Последний, жестокий подарок от моего же сознания. Красивый концерт перед тем, как лампочка наконец треснет и погаснет.

И тогда… тогда выходит, он победил. По всем статьям. Не сбежала. Не выжила. Сдохла. Одна. На грязном полу в квартире, которая даже не наша, а съёмная. И даже предсмертные грёзы – не о маме (я её не помню), не о друзьях (их никогда не было), а о какой-то певице с плаката над кроватью. Которая в жизни не узнает, что какая-то Лия из Гэри умерла, прижав к груди её криво вырезанную фотографию.

Это логично. Так и должно быть. Потому что люди вроде Билли не существуют в одной реальности с людьми вроде меня. Это закон. Мечта не спасает. Она приходит слишком поздно, как музыка из соседней квартиры, когда у тебя уже разбита голова и нечем дышать. Красивая, да. И совершенно бесполезная.

Третьего не дано.

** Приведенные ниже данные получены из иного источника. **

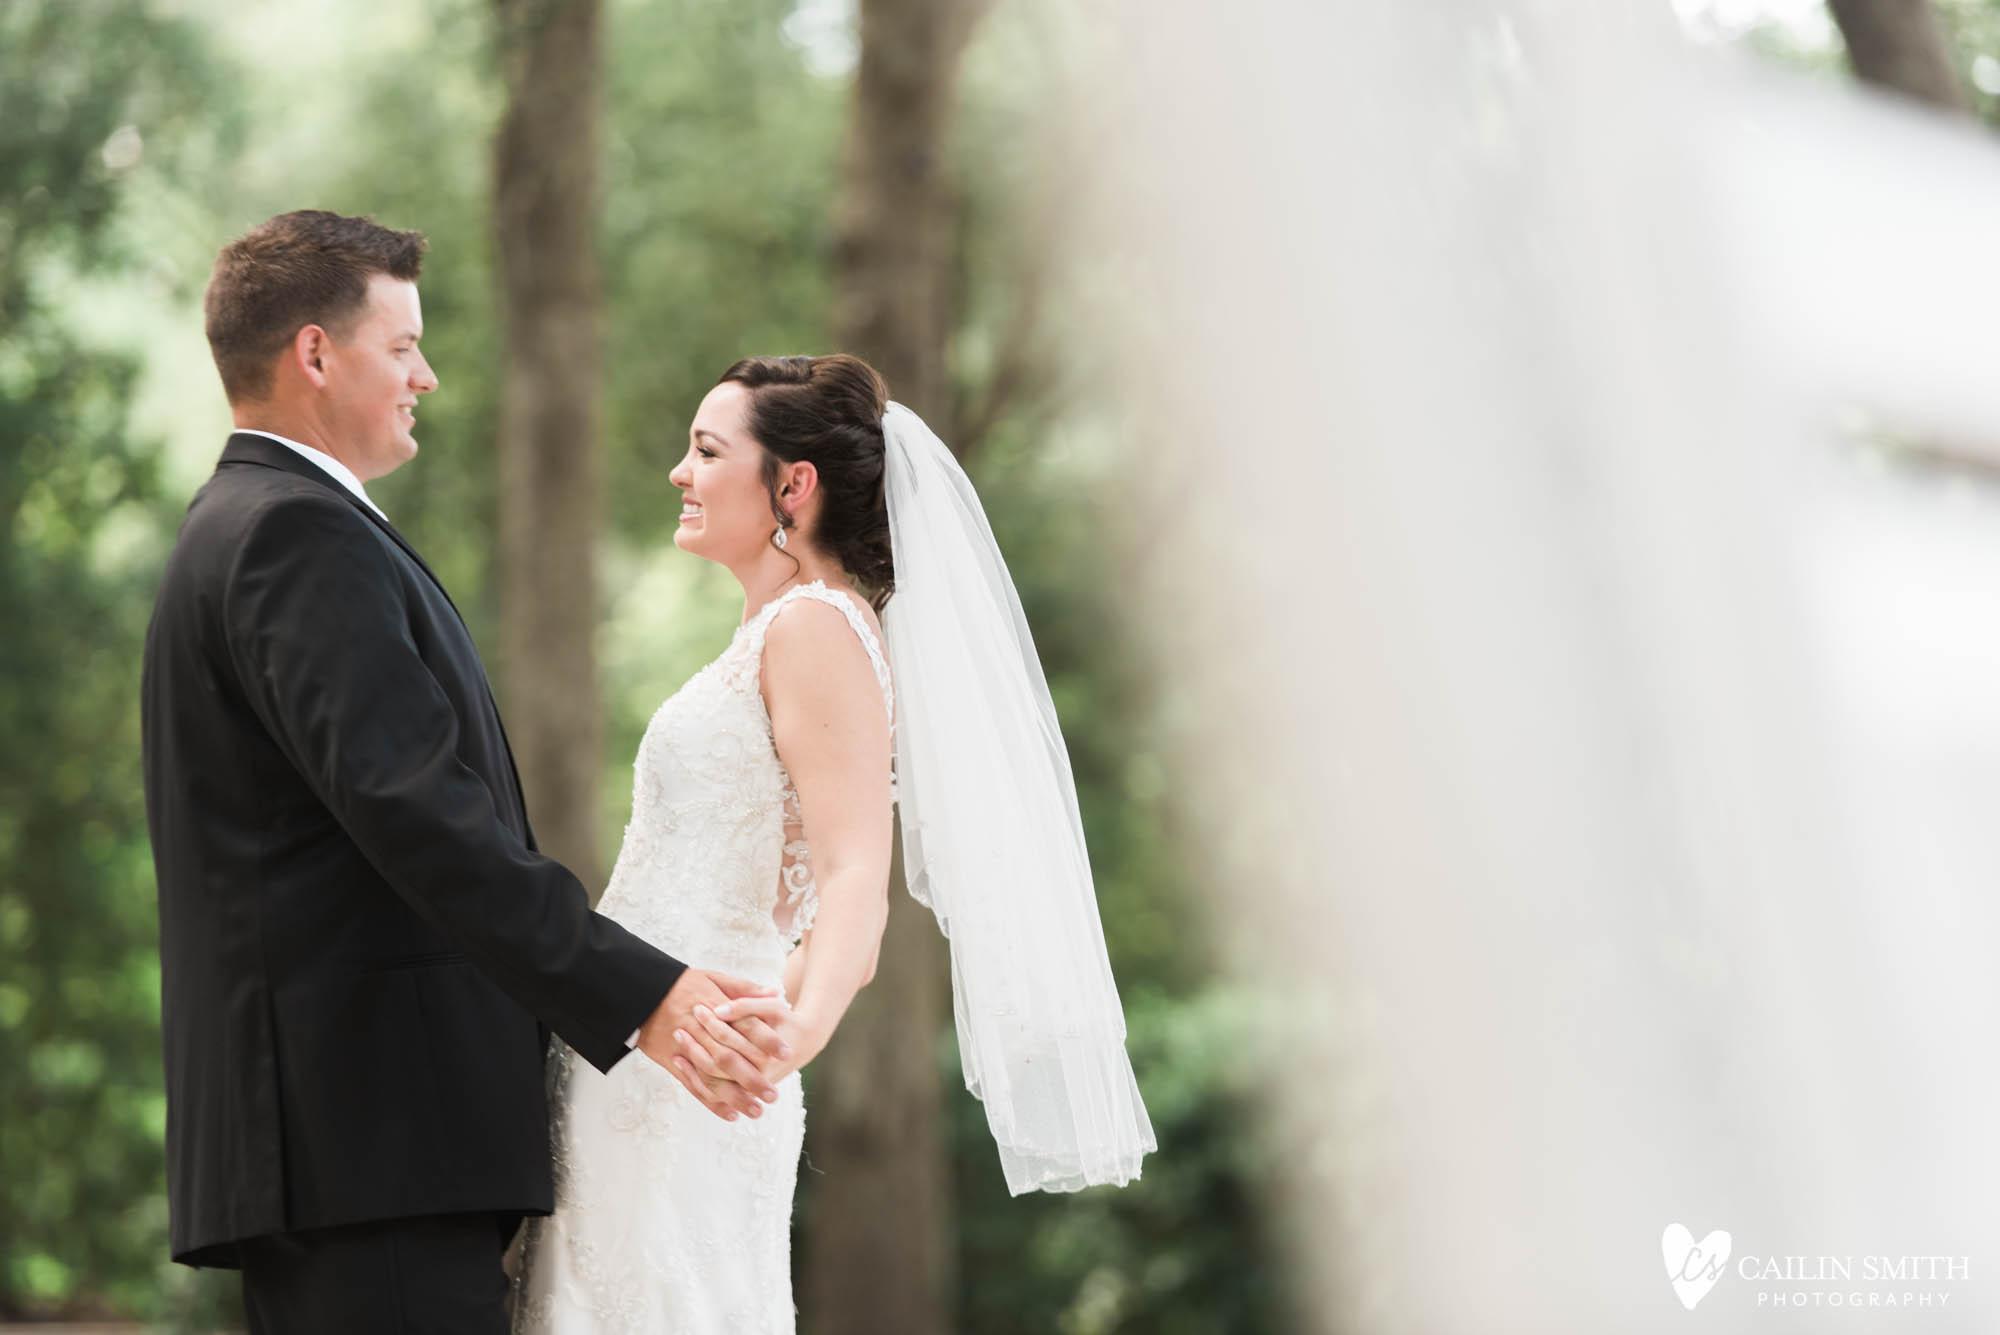 Bethany_Kyle_Bowing_Oaks_Plantation_Wedding_Photography_0035.jpg
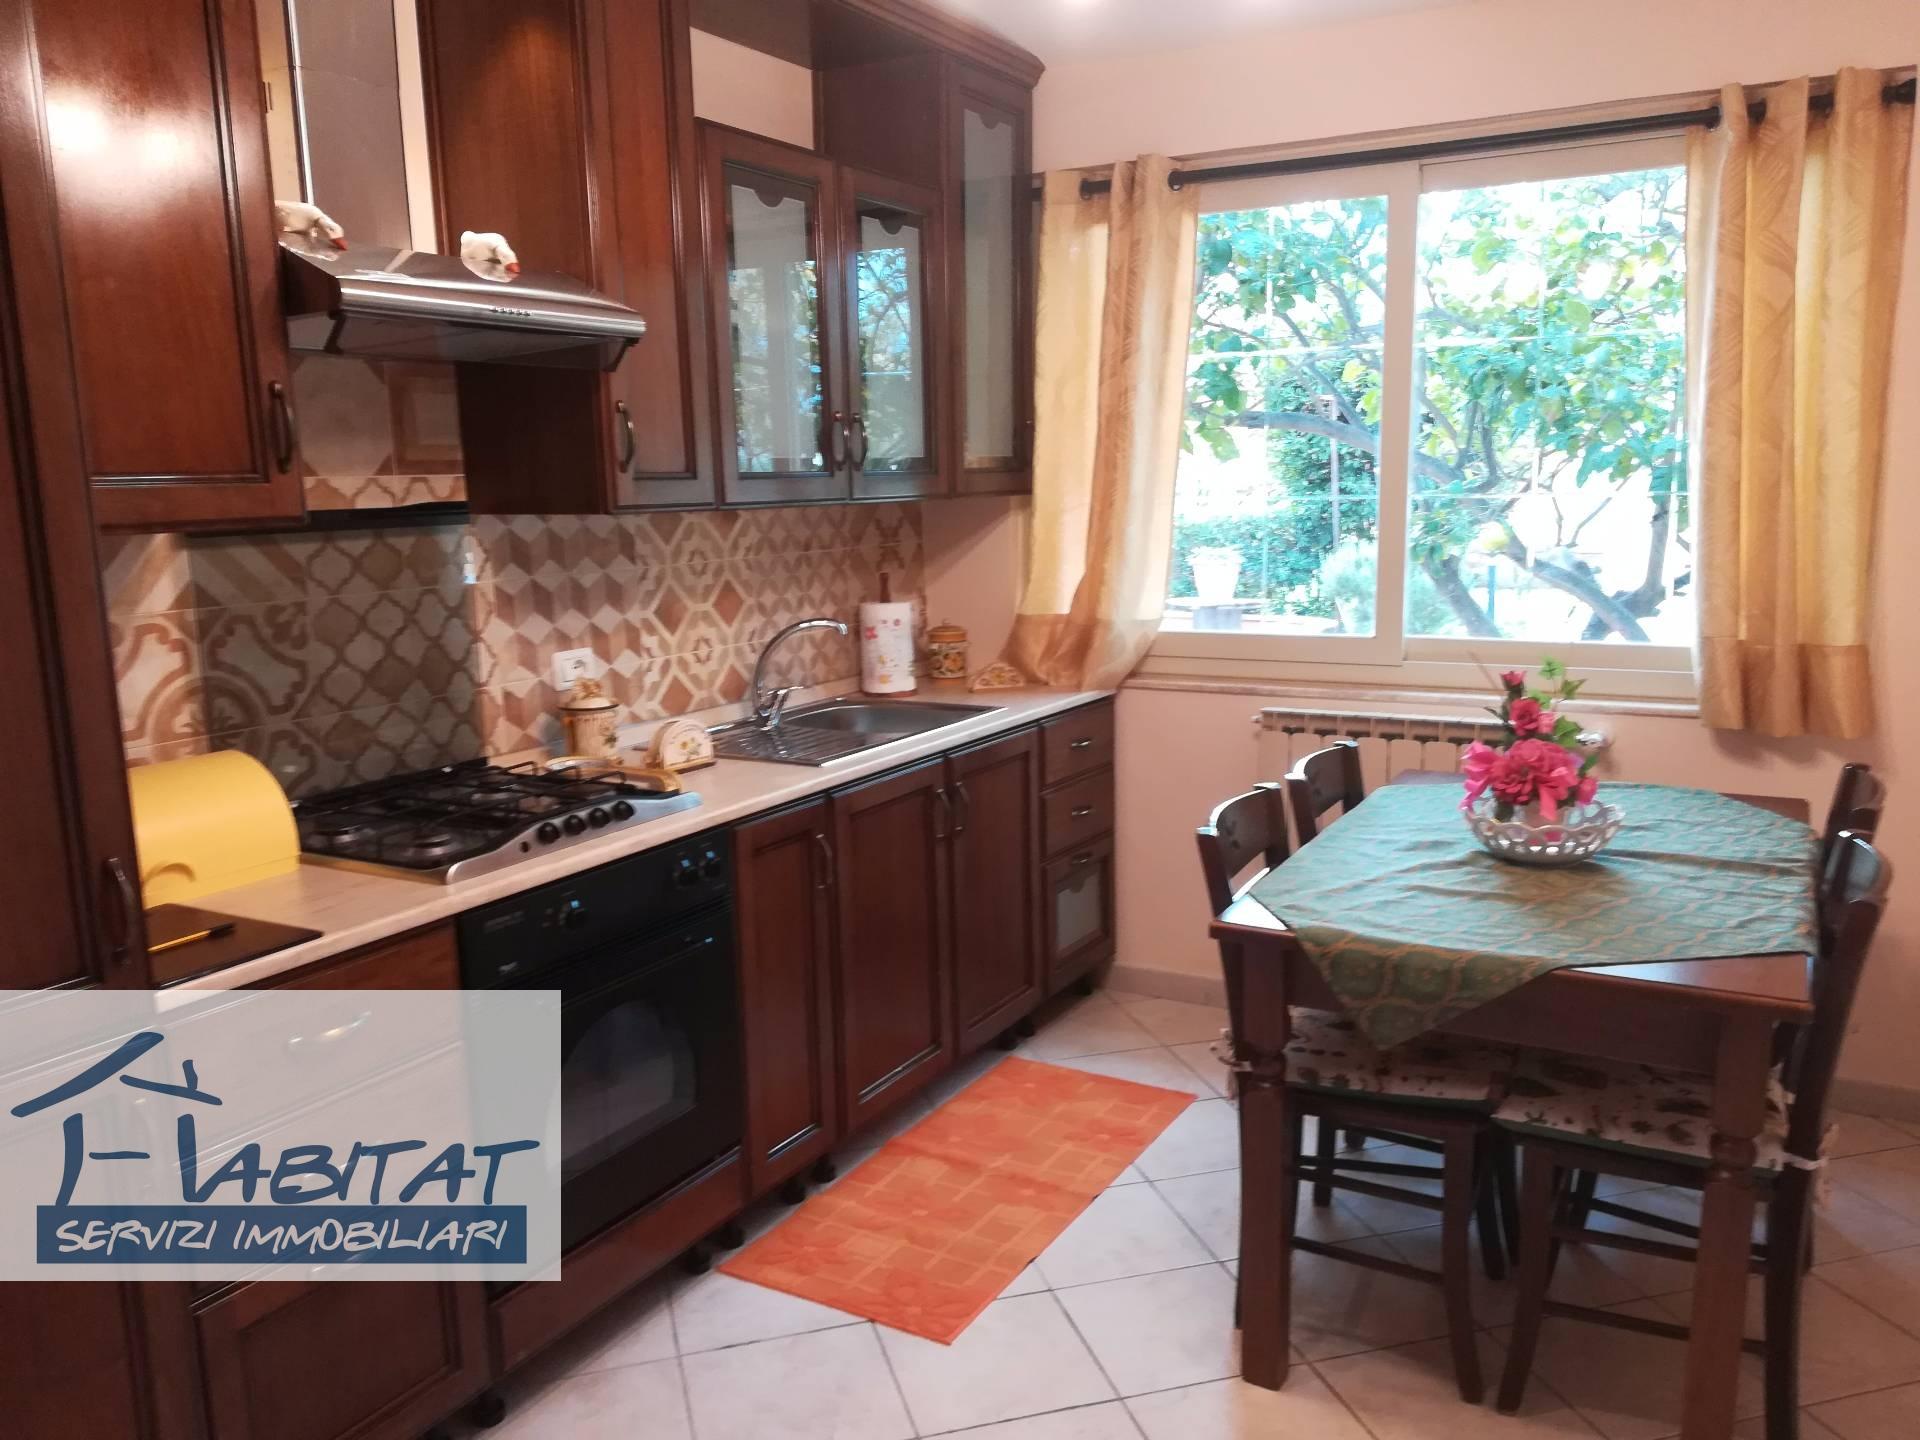 Appartamento in affitto a Agrigento, 2 locali, zona Località: VillaggioMosè, prezzo € 450 | CambioCasa.it

Или сумасшедшая спасительница в этом ярком сне. Или сумасшедшая умирающая в холодной реальности.

Выбирай, Лия. Выбирай, во что тебе верить страшнее.

Дверь открылась беззвучно, и в проёме показалась она. Билли. Непричёсанная, с тёмными волосами, торчащими в разные стороны, в просторной футболке с потускневшим принтом какой-то группы. На её лице читалась мягкая, сонная довольность – то выражение, которое бывает у людей, не обязанных никуда бежать с самого утра.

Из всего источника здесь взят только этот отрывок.